Bill Osgerby argumentiert, dass:

Die verschiedenen Stränge der Gegenkultur entwickelten sich aus früheren künstlerischen und politischen Bewegungen. Auf beiden Seiten des Atlantiks hatte die „Beat Generation“ der 1950er Jahre existenzialistische Philosophie mit Jazz, Poesie, Literatur, östlicher Mystik und Drogen verschmolzen – Themen, die alle in der Gegenkultur der 1960er Jahre fortgeführt wurden.

Vereinigte StaatenBearbeiten

Hauptartikel: Gegenkultur der 1960er Jahre und Zeitleiste der Gegenkultur der 1960er Jahre

In den Vereinigten Staaten wurde die Gegenkultur der 1960er Jahre mit der Ablehnung der konventionellen sozialen Normen der 1950er Jahre identifiziert. Die Jugend der Gegenkultur lehnte die kulturellen Normen ihrer Eltern ab, vor allem in Bezug auf die Rassentrennung und die anfänglich weit verbreitete Unterstützung des Vietnamkriegs und, weniger direkt, des Kalten Krieges – viele junge Menschen befürchteten, dass Amerikas nukleares Wettrüsten mit der Sowjetunion, gepaart mit dem Engagement in Vietnam, zu einem nuklearen Holocaust führen würde.
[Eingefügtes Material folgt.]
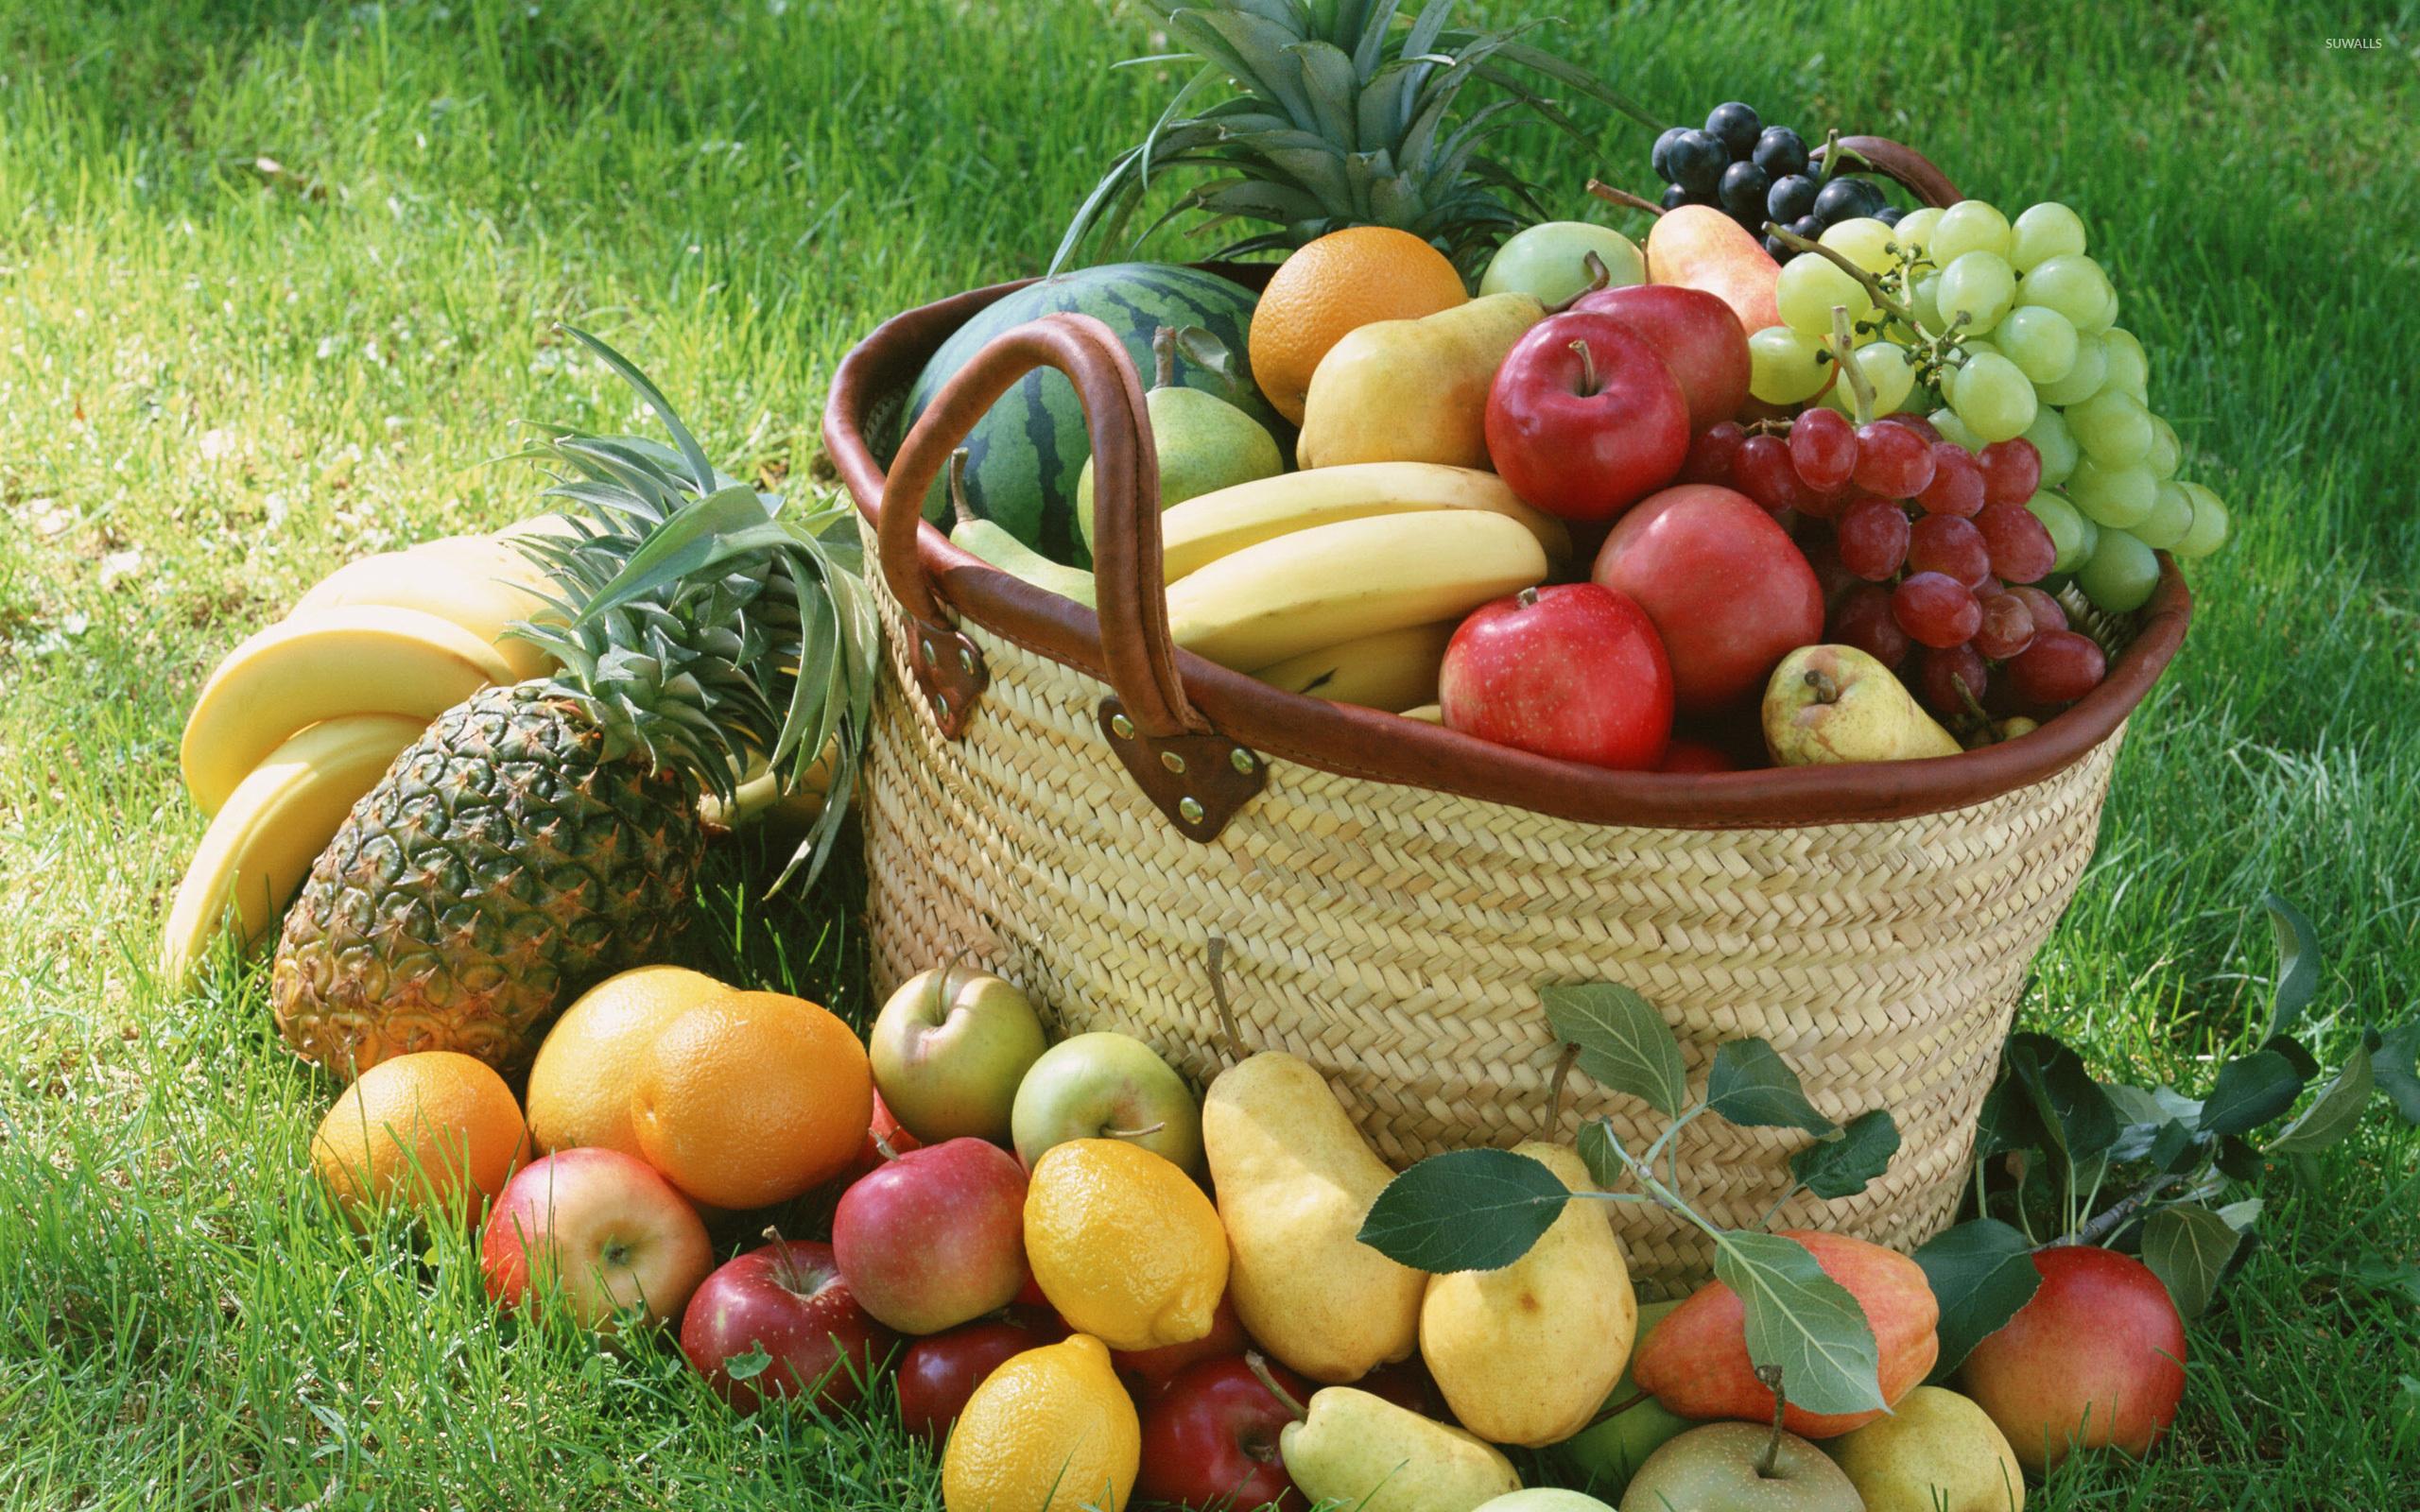 Fruit Basket Wallpaper Photography Wallpapers 7354

In den Vereinigten Staaten entwickelten sich in den 1960er Jahren weit verbreitete Spannungen in der amerikanischen Gesellschaft, die sich entlang der Generationslinien in Bezug auf den Krieg in Vietnam, die Beziehungen zwischen den Rassen, die sexuellen Sitten, die Rechte der Frauen, traditionelle Formen der Autorität und eine materialistische Interpretation des amerikanischen Traums entwickelten. Weiße Jugendliche aus der Mittelschicht – die den Großteil der Gegenkultur in den westlichen Ländern ausmachten – hatten dank des weit verbreiteten wirtschaftlichen Wohlstands genügend Freizeit, um sich sozialen Fragen zu widmen. Zu diesen sozialen Themen gehörten die Unterstützung der Bürgerrechts-, Frauenrechts- und Schwulenrechtsbewegung sowie die Ablehnung des Vietnamkriegs. Die Gegenkultur hatte auch Zugang zu den Medien, die ihre Anliegen gerne einer breiteren Öffentlichkeit präsentierten. Die Demonstrationen für soziale Gerechtigkeit bewirkten weitreichende Veränderungen, die viele Aspekte der Gesellschaft betrafen. Die Hippies wurden zur größten gegenkulturellen Gruppe in den Vereinigten Staaten.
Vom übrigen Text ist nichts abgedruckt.